Umbel family (Apiaceae)

Useful information about the plant

The biennial caraway is scattered in the wild all over Europe and Asia, it is cultivated for its use as a spice in Holland, East Germany, Poland and Egypt. The genus name comes from the Greek "karon" (= seed), derived from Greek "kara" (= head, umbel) or from the Greek "kar" (= louse), because of the lice-like appearance. In the first year, from seed, it only grows one rosette, in the second years the 2 to 3 fold pinnate leaves with narrow leaflets grow out of an up to 1m tall, branched stem. It blossoms from May to July with numerous small white to pink coloured flowers arranged in the 8 to 16 rayed umbels. The fruits are brown when ripe, 3-6mm long with 5 bright, angular protruding ribs. It is like all Umbelliferae with "double achenes" which easily fall open even before autumn into the two fruits (achenes).

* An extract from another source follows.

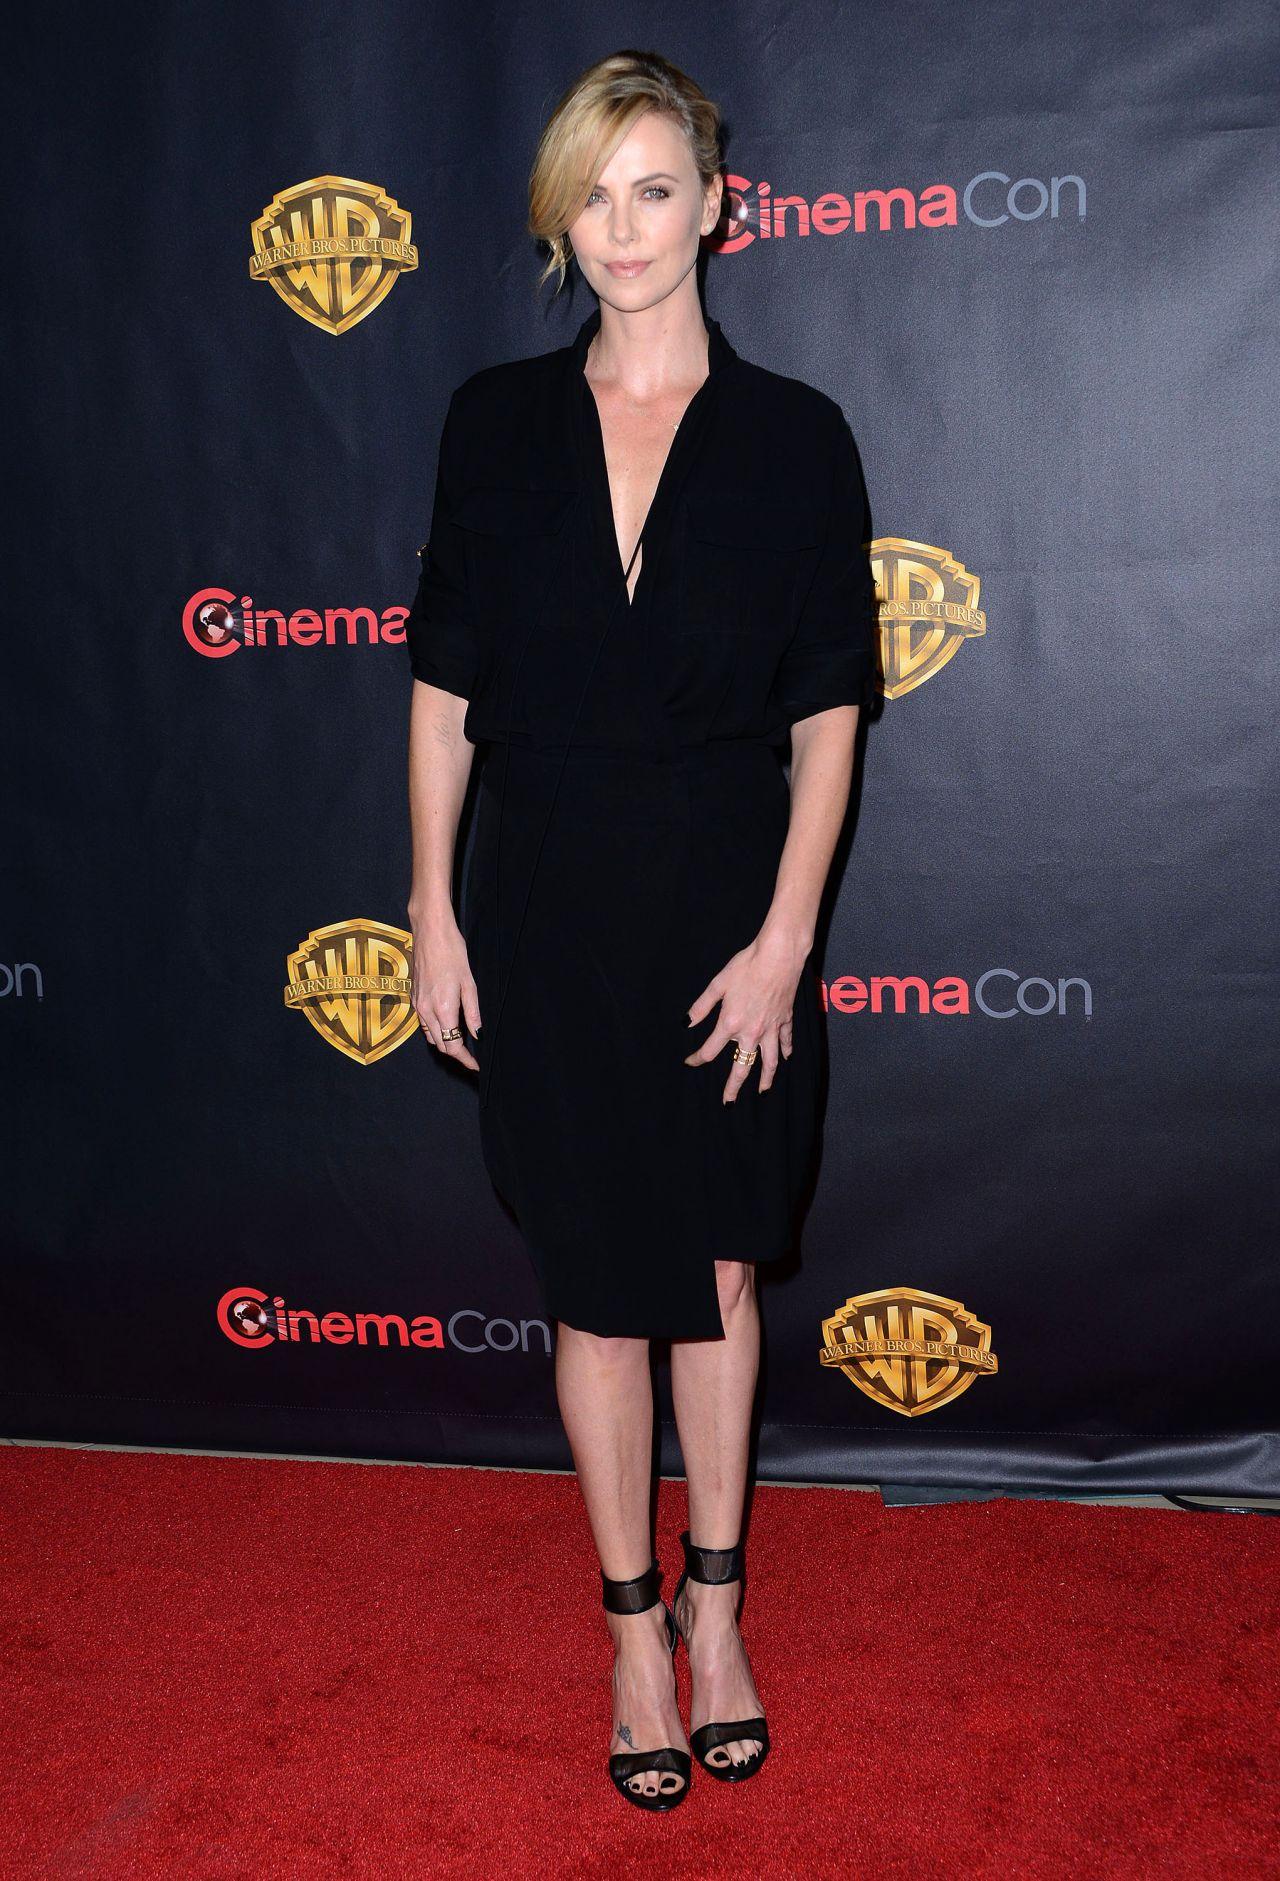 Charlize Theron - WB 2015 Cinemacon Press Line in Las Vegas

Medicinally used plant parts (drug)

The ripe fruits with their typical caraway scent are used, the aroma is clearly perceived when rubbed and is created by the essential oil contained in the fruit. The commercially available drug comes from farms in the Netherlands, Poland and Egypt.

Ingredients of the drug

Caraway fruits contain an essential oil ("caraway seed oil") with mainly D-carvone and limonene. D-carvone is responsible for the characteristic aroma.

Descriptions of the quality

The quality of the following drugs or drug preparations is specified in the European Pharmacopoeia (Ph. Eur.):

  • Caraway (Carvi fructus)
  • Caraway oil (Carvi aetheroleum)

Medical Application

Recognised medical use

Internally for dyspeptic complaints such as mild, spasmodic gastric-intestinal complaints, bloating and flatulence (Commission E). The ESCOP extends the area of use of caraway to the treatment of flatulent colic in children and Roemheld syndrome.

Traditional use

Caraway alone or in combination to support digestive function (traditional use acc. to § 109a).

Medicinal herbal preparations in finished drug products

  • Dried extract in tablets
  • Caraway oil in enteric-coated capsules or liquids
Caraway is also often processed combined with other similar-acting drugs or essential oils.

Dosage

Prepared drugs: see package insert;
Tea infusion: drink 1 cup of warm Caraway tea several times a day.
Caraway oil: take 3 - 5 drops on a lump of sugar or water several times daily. To rub on the abdomen 10% solution in olive oil or another oil.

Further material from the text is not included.